Description of the task: What you return must match the data below exactly, minus any pictures.

Dataset extract:
# # # # #

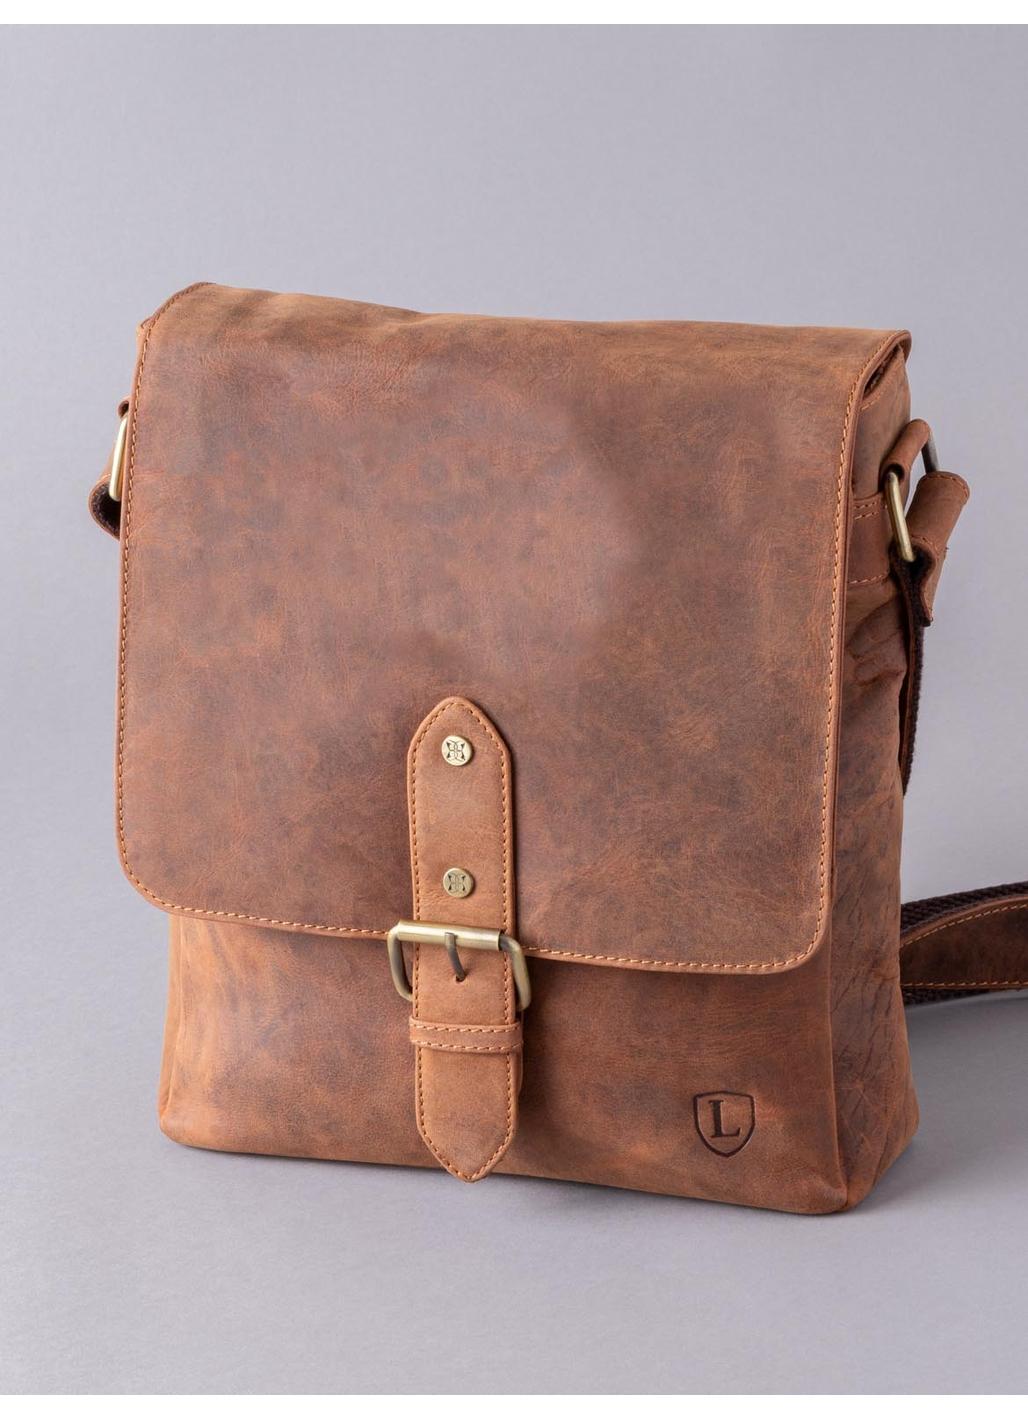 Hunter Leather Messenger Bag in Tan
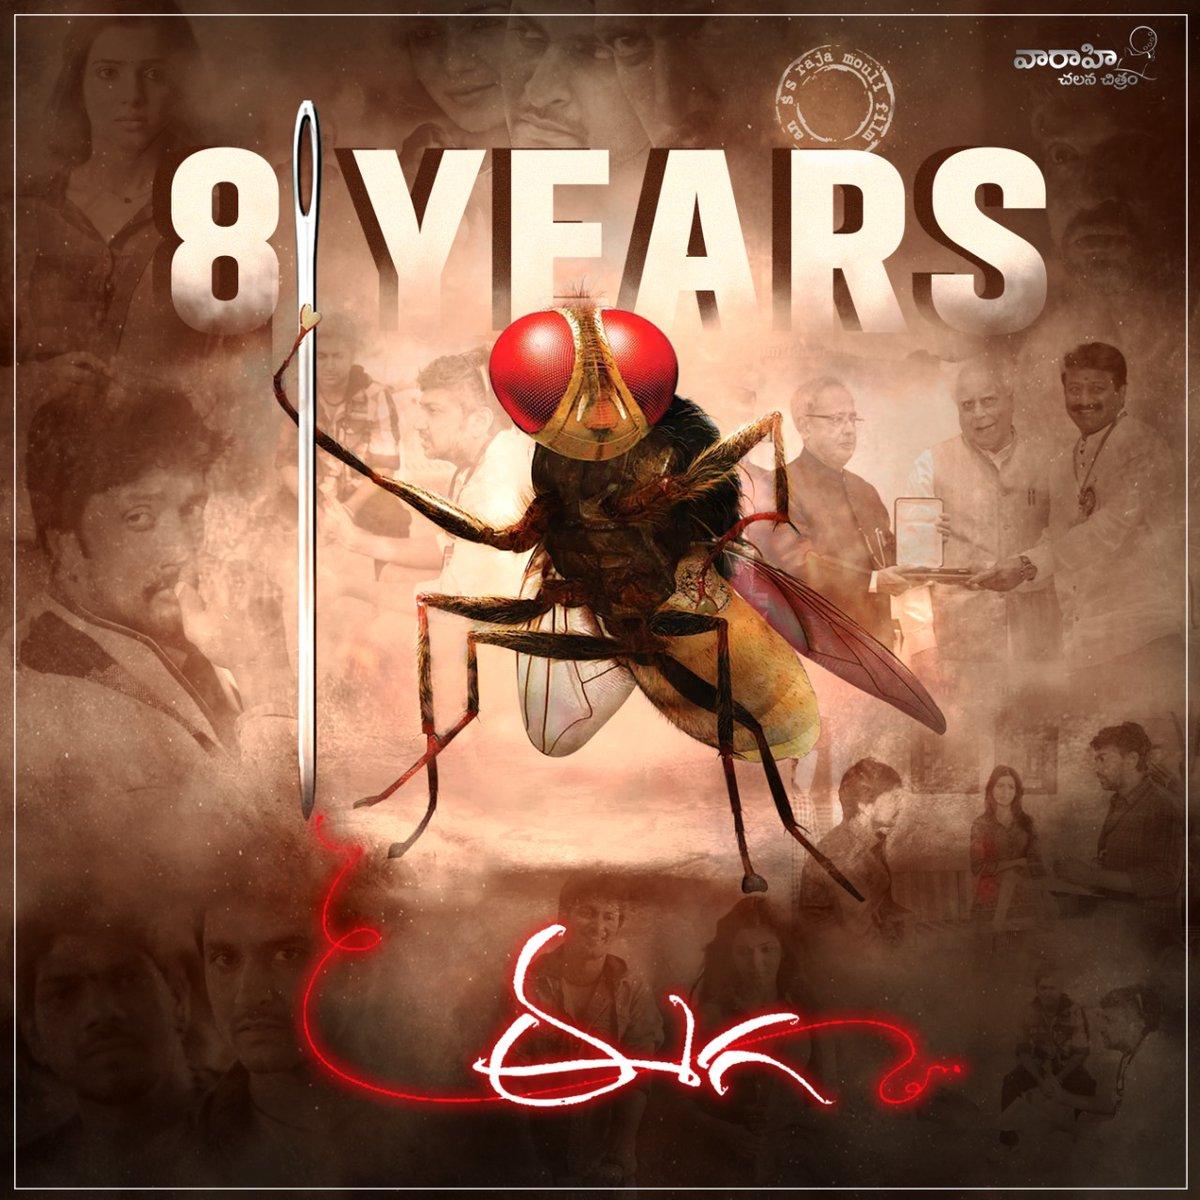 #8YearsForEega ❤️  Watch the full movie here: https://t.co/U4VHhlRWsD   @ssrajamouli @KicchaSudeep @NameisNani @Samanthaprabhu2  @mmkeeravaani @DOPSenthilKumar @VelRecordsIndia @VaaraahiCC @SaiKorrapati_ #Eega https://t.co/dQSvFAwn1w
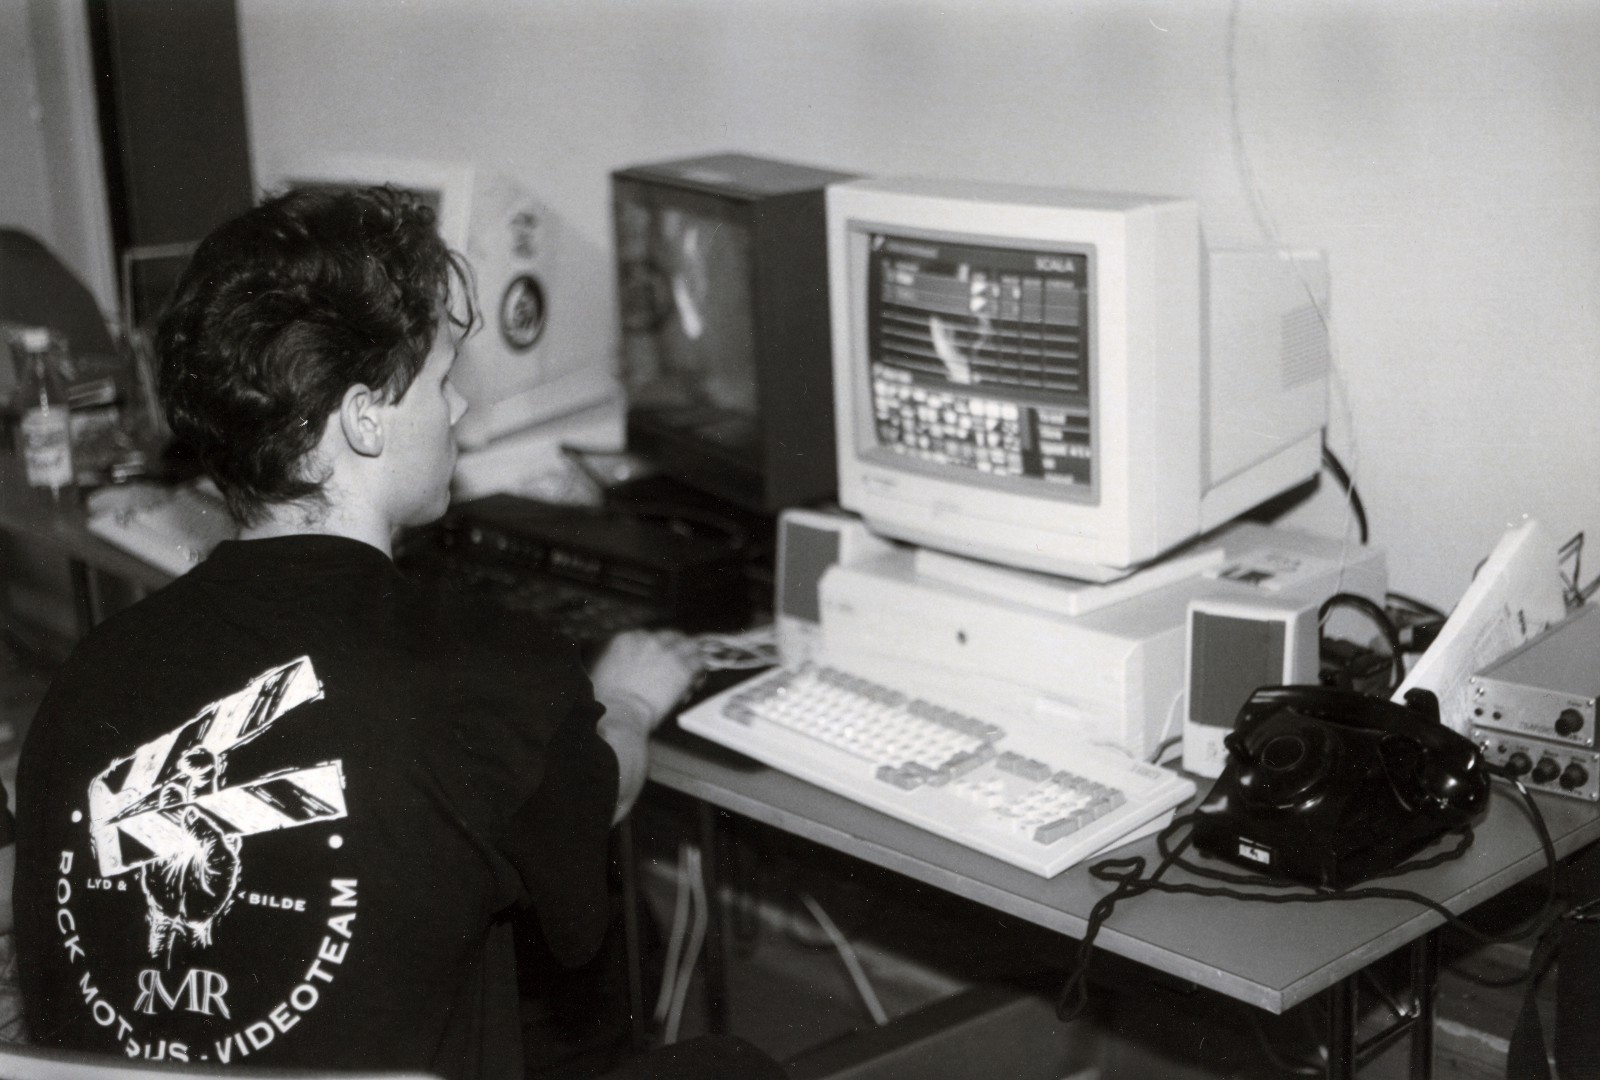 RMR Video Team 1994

# # # # #

Response area:
 Hunter Leather Messenger Bag in Tan
 #8YearsForEega ❤️  Watch the full movie here: https://t.co/U4VHhlRWsD   @ssrajamouli @KicchaSudeep @NameisNani @Samanthaprabhu2  @mmkeeravaani @DOPSenthilKumar @VelRecordsIndia @VaaraahiCC @SaiKorrapati_ #Eega https://t.co/dQSvFAwn1w
 RMR Video Team 1994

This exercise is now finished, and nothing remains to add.